This was around 6 or 7 years ago (around 2010/2011). Nobody would think this is any big problem these days and they would classfy this as a very low throughput case. However, when LTE first came out this was pushing the limit not only on DUT(Cellular protocol) but also many other parts a well. Followings are some of the factors that would cause issues.

  • Stablity of Radio Link at MCS 23 with 2x2 MIMO. Since it was early stage of LTE deployment, it was not easy for LTE mobile phone (or test equipment) maintain stable radio quality at MCS 23. Usually this kind of issues require a lot of DL power (sometimes UL power as well) tuning, cable check and in worst case UE / Equipment firmware upgrade.
  • At this point of time, most common Network Interface Card(NIC) in PC was still 10/100 Mbps. 1 Gbps NIC was available, but not every PC has it. It means the required throughput would really hit the physical limit of Network Card of server PC. Of course, this problem can be easily resolved by using the PC with 1Gpbs NIC.
  • Just using 1Gbps does not automatically resolve the bottleneck issue of IP data path. Ethernet Cable often caused the problem. The most common type of Ethernet cable at this time were Category 5 which has 100 Mbps max throughput.
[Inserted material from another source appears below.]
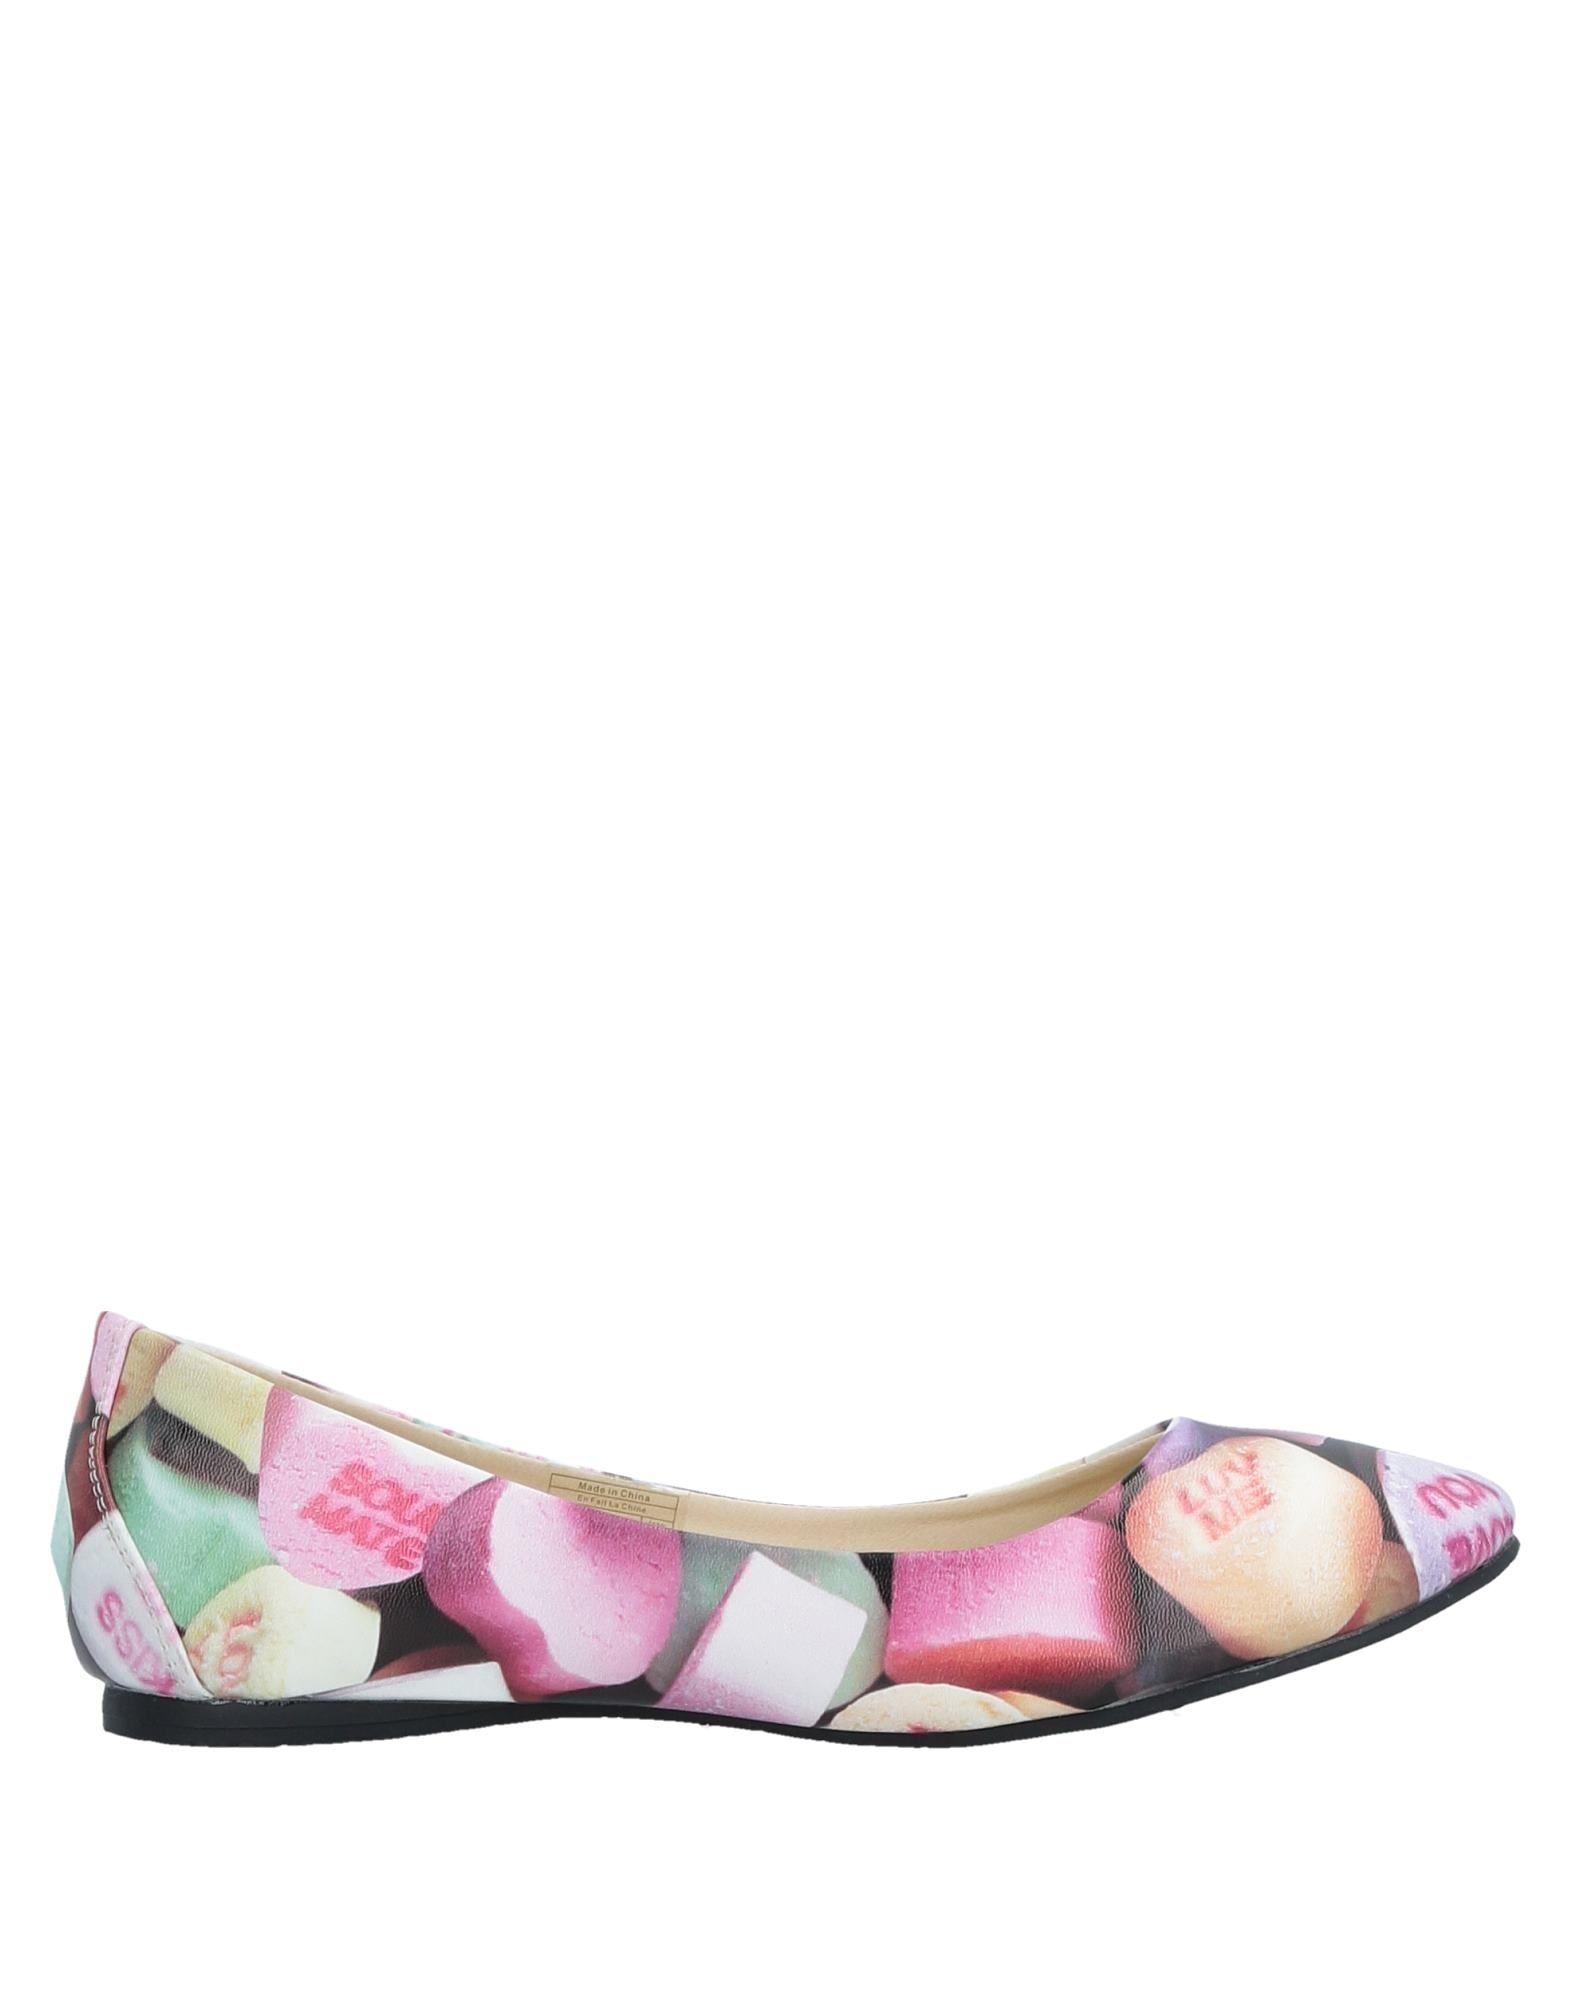 T.U.K Ballerinas Damen  11522410SG Gute Qualität beliebte Schuhe

So if you don't use very good quality of Category 5 cable, the througput would be sclipped by the cable as well.
  • If you are using any Ethernet Hub or Switches supporting only up to 10/100 Mbps, you have to check whether it really support the required throughput or change it to other ones supporting 1 Gbps.

 

 

< Category 4 : 150 Mbps >

 

  • Stablity of Radio Link at MCS 28 with 2x2 MIMO. This is the max MCS applicable to 64 QAM and super high code rate. So achieving stable radio link was challenging.

  • Since this is obviously out of capability of 10/100 Mbps Ethernet specification, you need upgrade to every Ethernet component (e.g, Switch, Network Interface Card etc).

 

 

< Category 9 : 450 Mbps >

 

  • Stablity of Radio Link at MCS 28 with 2x2 MIMO and 3CC CA. This is no problem at all for the current standard(as of Jun 2018), but maintaining the stable radio link of 3CC CA at the initial phase.
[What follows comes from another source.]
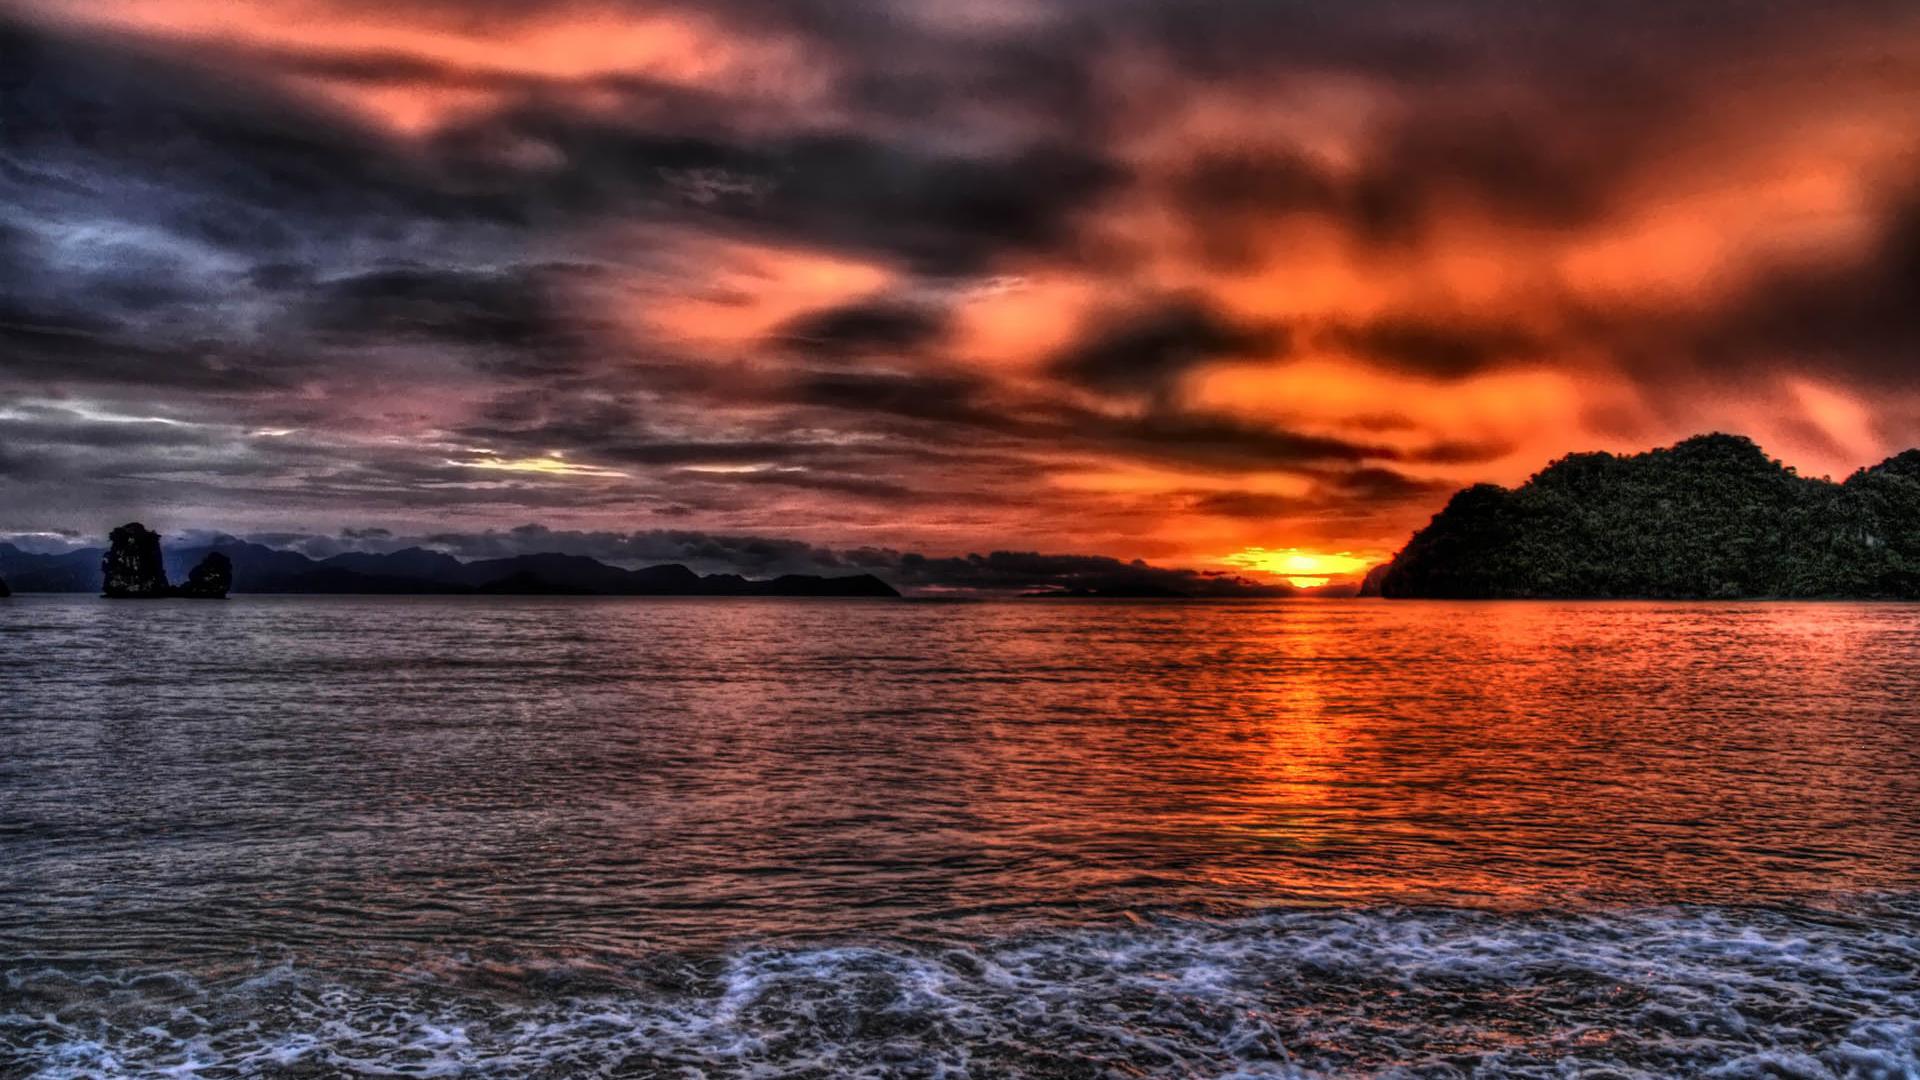 Sunset Beach Wallpaper HD   bsrlorg 1920x1080

  • Everything should be with Gigabit ethernet. Gigabit ethernet was pretty common to most of the PC at this time.
  • This often caused problem on UE side when trying test with tethering. This is almost ideal max throughput of USB 2.0. So if you don't use very high quality USB 2.0 and well written driver, the throughput would be bottlenecked by USB.

 

 

 

< Category 12 : 1 Gbps >

  • Stablity of Radio Link at DL 256QAM with 4x4 MIMO and Carrier aggregation. You need to make it sure that 256 QAM decoding on UE side goes well and guarantee the very high SNR for each and every antenna of 4x4. If it is with 4x4 Antenna, you would need to get 28 dB or higher SNR for all 4 antenna.
  • This is also ideal max of Gbit ethernet. so even though your PC, etherent cable, Switch claims that they support Gbit ethernet, it would be safer to doublecheck the real performance of those components.
  • If your test equipment and server Network card support jumbo frame, it would worth trying with it.
  • If you use ftp as a throuput server, you would need to use such a ftp server that support multiple download at the same time.
  • If you use iperf, you may need to carefully chose the version of the iperf. In my experience, it was possible to achieve only 500 Mbps with v2.0.5 but was able to achieve around 950 Mbps with v2.0.8 or v3.x.x. However, the specific versions may give you a little different result depending on test setup.
  • If you ard doing the throughpu test with tethering, make it sure that you are using USB v3.0 and the usb driver is well written to support enough throughput.
  • If you are testing using a special App on UE (not tethering), you have to make it sure that the App can handle enough throughput (e.g, supporting multiple download stream simultaneously)

 

 

< Category 18,19,20 : 1.2.1.6,2.0 Gbps >

  • Stablity of Radio Link at DL 256QAM with 4x4 MIMO and at least 4 or more CC CA(16 layer or more). It would not be easy maintain the good radio link quality with these configuration.
  • The biggest challenge would be the ethernet port on test equipment and server PC. Most of them would support only 1Gb throughput which was good enough when LTE first came out.
  • If you are testing this with USB tethering, you have to make it sure that your USB is 3.x and support enough throughput. Even though the USB 3.x specification defines max 5Gbps, but the real implementation would not support this ideal throughput.

 

 

 

< 5G/NR >

  • For most of the reader, it would sound to early to talk about 5G/NR throughput as of now (Jul 2018), but it will be something most of the readers would be struggling in about an year.
  • In this technology, you need to make at least 2 Gbps work from day 1. So you would need to use 10 Gb Ethernet from the beginning and would consider trying with 40 Gbps ethernet in a couple of years down the road.